Oracle Cloud Infrastructure Kubernetes Engine (OKE) is a fully-managed, scalable, and highly available service that you can use to deploy your containerized applications to the cloud.
- Ubuntu 22.04
- Oracle Linux 8 (except for the GPU & RDMA worker pool)
The following policies are required. The OCI Resource Manager stack will create them for you if you have the necessary permissions. If you don't have the permissions, please find more information about the policies below.
- Policy Configuration for Cluster Creation and Deployment
- Creating a Dynamic Group and a Policy for Self-Managed Nodes
You will need a CPU pool and a GPU pool. The OCI Resource Manager stack deploys an operational worker pool by default and you choose to deploy additional CPU/GPU worker pools.
You can use the following images for both CPU and GPU pools.
Note
The GPU image has the GPU drivers pre-installed.
You can use the instructions here for importing the below image to your tenancy.
Image to use for non-GPU nodes
Images for NVIDIA shapes
Image for AMD shapes
You can easily deploy the cluster using the Deploy to Oracle Cloud button below.
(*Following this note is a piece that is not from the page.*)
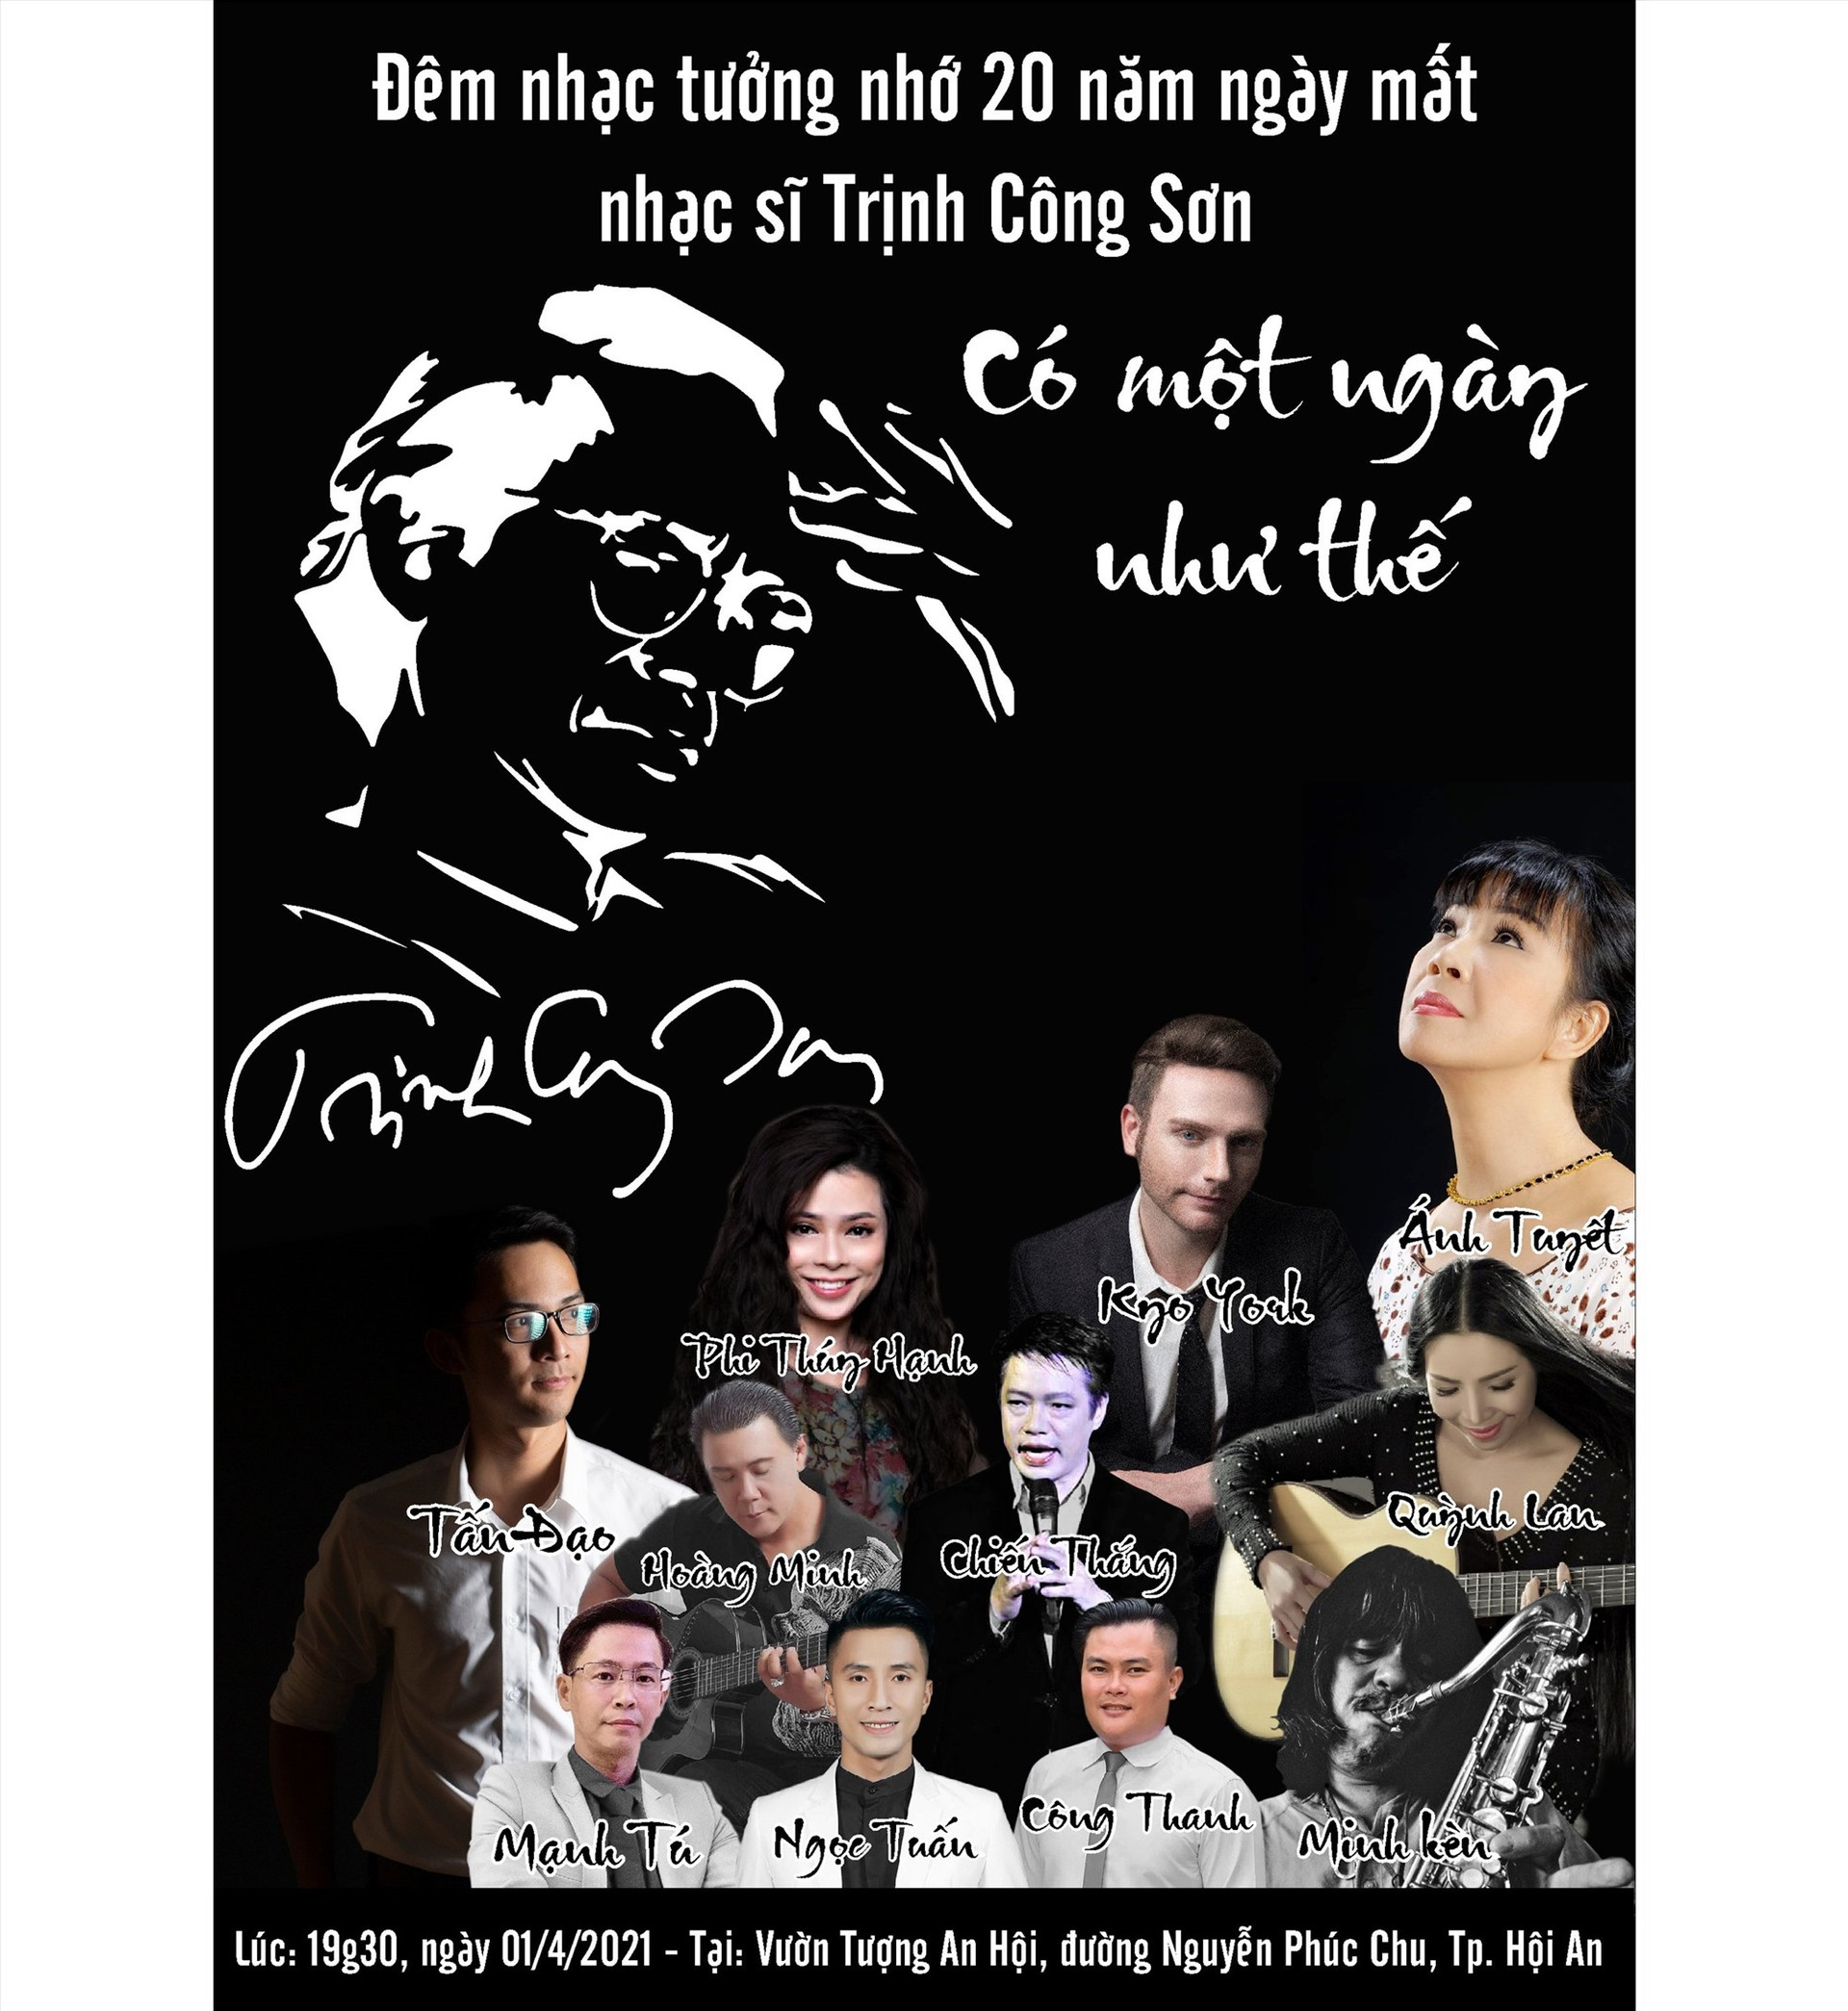 Đêm nhạc tưởng nhớ nhạc sỹ Trinh Công Sơn sẽ diễn ra ngày 1.4 tại TP.Hội An

For the image ID, use the ID of the image that you imported in the previous step.
The template will deploy a bastion
instance and an operator
instance by default. The operator
instance will have access to the OKE cluster. You can connect to the operator
instance via SSH with ssh -J ubuntu@<bastion IP> ubuntu@<operator IP>
.
You can also find this information under the Application information tab in the OCI Resource Manager stack.
kubectl get nodes
NAME STATUS ROLES AGE VERSION
10.0.103.73 Ready <none> 2d23h v1.31.1
10.0.127.206 Ready node 2d3h v1.31.1
10.0.127.32 Ready node 2d3h v1.31.1
10.0.83.93 Ready <none> 2d23h v1.31.1
10.0.96.82 Ready node 2d23h v1.31.1
More info here.
kubectl -n kube-system create serviceaccount kubeconfig-sa
kubectl create clusterrolebinding add-on-cluster-admin --clusterrole=cluster-admin --serviceaccount=kube-system:kubeconfig-sa
kubectl apply -f https://raw.githubusercontent.com/oracle-quickstart/oci-hpc-oke/main/manifests/service-account/oke-kubeconfig-sa-token.yaml
TOKEN=$(kubectl -n kube-system get secret oke-kubeconfig-sa-token -o jsonpath='{.data.token}' | base64 --decode)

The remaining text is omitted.